Y en aquel ambiente se movía a sus anchas Juan Carlos Fotea Dimieri, alias Lobo, alias Fernando. Formaba parte del Grupo de Tareas 3.3 de la ESMA, formado por individuos pertenecientes a diferentes cuerpos del Ejército y policía y que se dedicaban a la captura, tortura y asesinato de los que estimaban enemigos del régimen. Tal es el caso, en el que también se encuentra implicado Fotea, del secuestro y desaparición de 15 mujeres, entre ellas la fundadora de las Madres de Plaza de Mayo y de dos monjas francesas cuando se hallaban reunidas en una iglesia en diciembre de 1977. O el asesinato del periodista y escritor Rodolfo Walsh, perpetrado en el centro de la capital argentina el 25 de marzo de 1977. A pesar del clima de detenciones indiscriminadas que se estaba viviendo en Argentina, Walsh había decidido seguir escribiendo y denunciando los atropellos del Gobierno militar. Tras ser acribillado, su cuerpo fue trasladado a la ESMA y en la actualidad forma parte de la lista de desaparecidos. Fotea tiene concedida la extradición a Argentina para ser procesado por este caso.

"Estos procesos son importantes porque permiten conocer la verdad y ejercer la justicia no sólo a través de la condena de los culpables sino del conocimiento del porqué de las luchas de los 30.000 desaparecidos", destaca Milia, quien durante 20 años ha vivido en Alicante. Recuperó la libertad el 19 de enero de 1979, con un billete a París y el dolor sufrido en carne propia y ajena. Su marido, un ingeniero químico llamado Roberto Pirles, fue fusilado en la noche de Reyes de 1977 con la excusa de que había intentado fugarse.
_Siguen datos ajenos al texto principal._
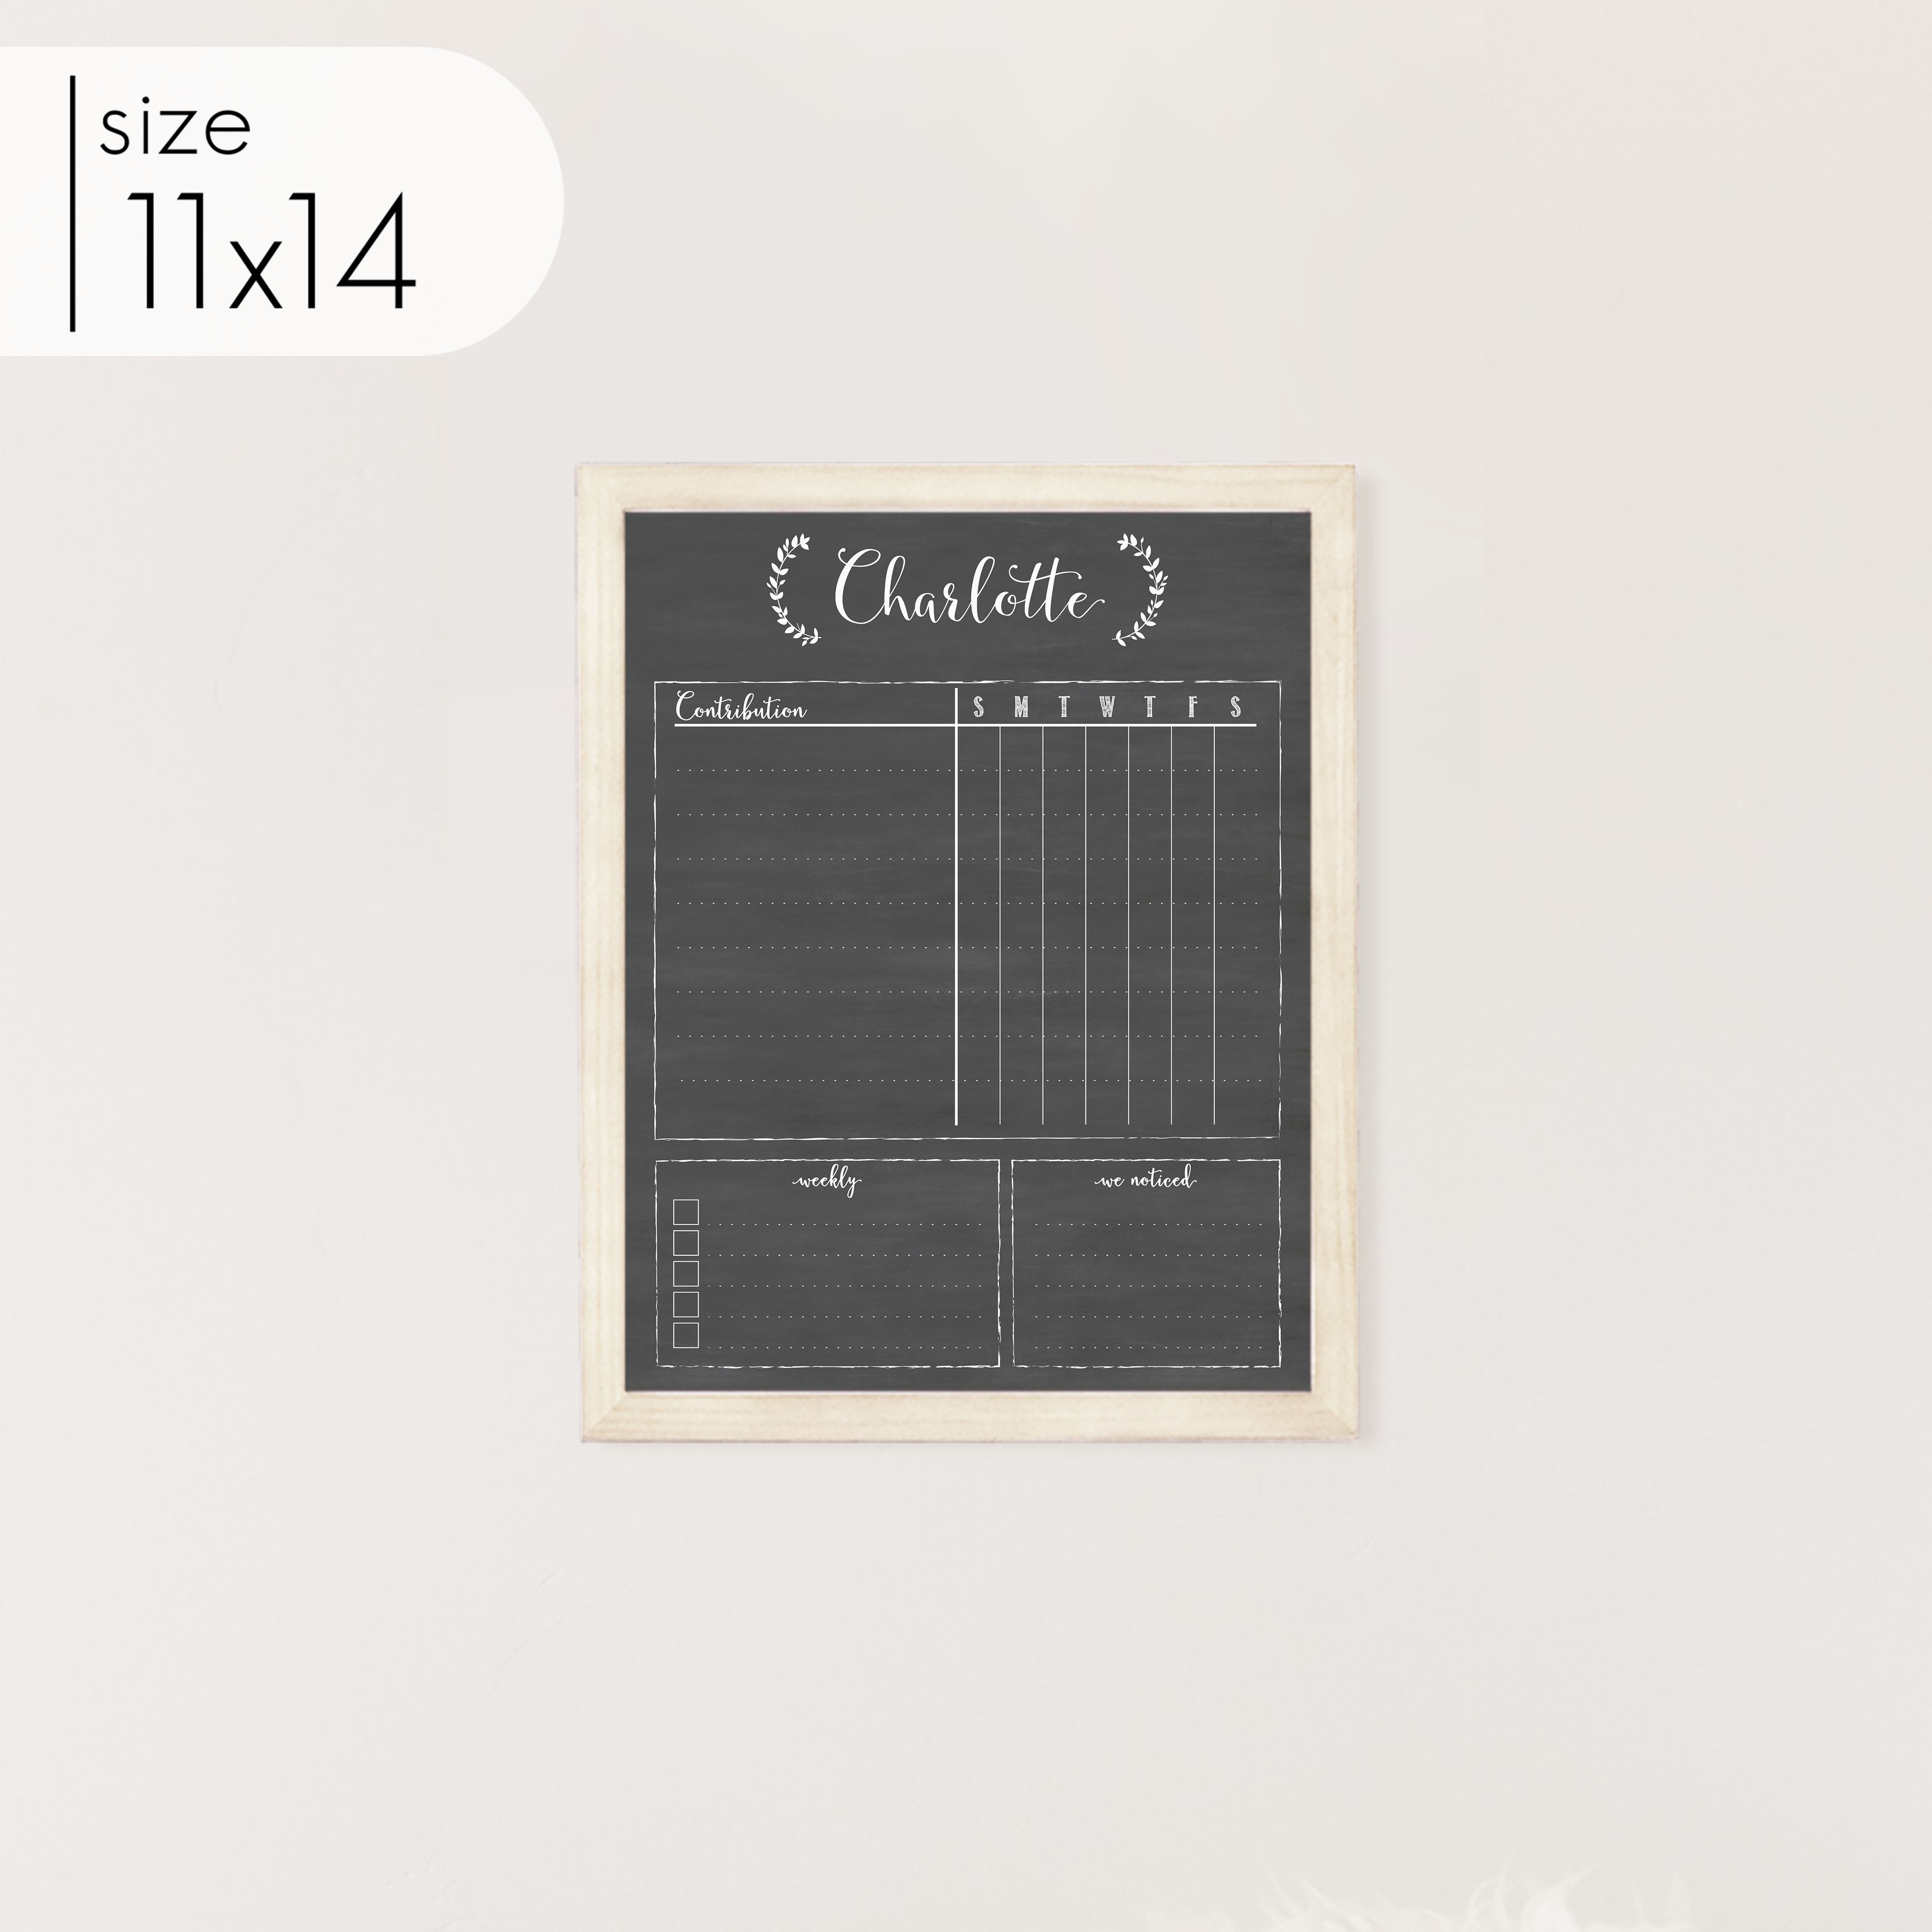 1 Person Framed Chalkboard Chore Chart  | Vertical Eagleton

Fotea se trasladó a España por primera vez en 1985. Figura como propietario de un restaurante y una tienda de frutos secos en la localidad madrileña de Las Rozas. Detenido en varias ocasiones, durante años ha tratado de eludir la acción de la justicia. "Lo importante es que se le juzgue y lo antes posible", destaca Milia, quien resalta que hasta el momento Fotea está acusado de más crímenes en España que en Argentina.